Live Queries (Experimental) Feature
INFO
Live Queries are released as experimental in this version. Not all graph query features are supported yet, and the API may evolve before the final release.
Live Queries enable real-time reactive data in portal apps and external integrations. Create a live query over the /ws WebSocket endpoint and the server maintains the query state, pushing updates as the underlying data changes — no polling required.
When a matching entity is created, updated, or removed, the server sends a targeted update message containing only the affected node. Clients maintain a local list by applying add/update/remove messages as they arrive.
const { available, query } = useLiveQueries()
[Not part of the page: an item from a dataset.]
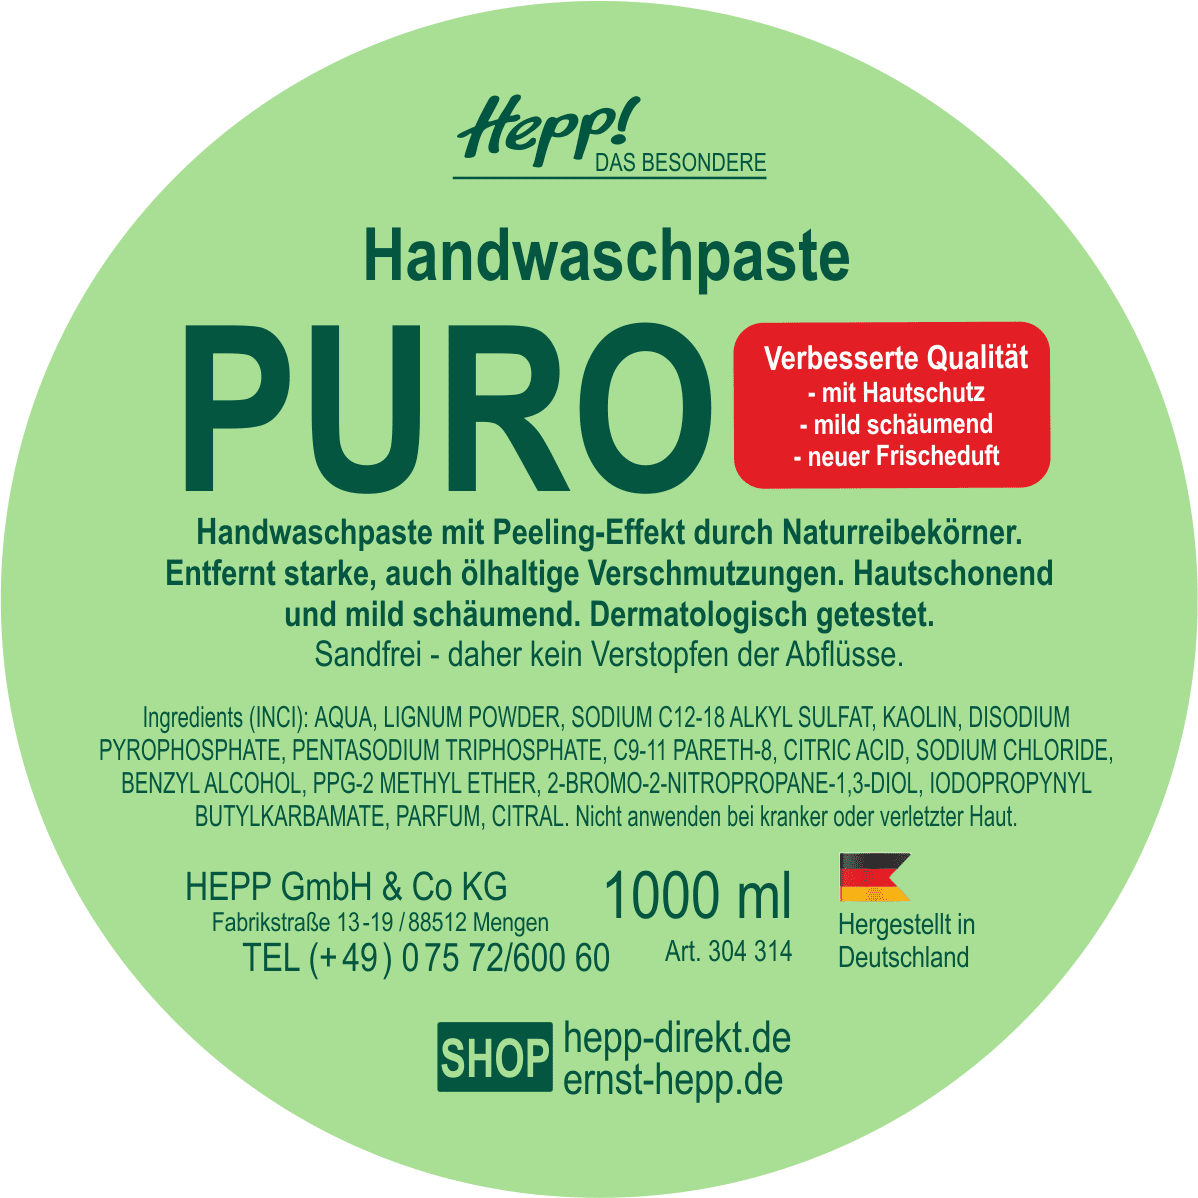 Handwaschpaste Puro (3Liter)

// Reactive list of active orders — updates automatically
const { nodes, loading, totalCount } = query({
edge: 'orders',
filter: "status == 'readyForPicking'",
orderBy: 'createdAt asc'
})The useLiveQueries composable (via @hantera/portal-app) automatically disposes the query when the component is unmounted and re-establishes it on reconnect.
Developer Experience
Dev Mode Evaluation Tracing Feature
h_ app dev now captures real-time evaluation traces for all Filtrera components belonging to your dev app — rules, reactors, discounts — and streams them to the CLI as they run.
Every evaluation prints a summary line in the console:
⚡ priceRule [orders/abc123/onUpdate] 3712 step(s)
🌐 webhook [my-app/webhook.hrc] POST /api/hook → 200 (45ms)For deeper inspection, the optional --trace <path> flag writes complete JSONL trace files containing every evaluated AST node, resolved symbols, and ingress request/response data:
h_ app dev ./my-app --trace ./eval.traceEach evaluation produces a flat, ordered list of nodes with id/parentId references for reconstructing the evaluation tree. Ingress logs capture full request and response bodies (up to 1 MB). Trace files can be opened in any JSON Lines-aware viewer for timeline analysis and debugging.
General
Numerous bug fixes and performance improvements throughout the platform, portal, and design system.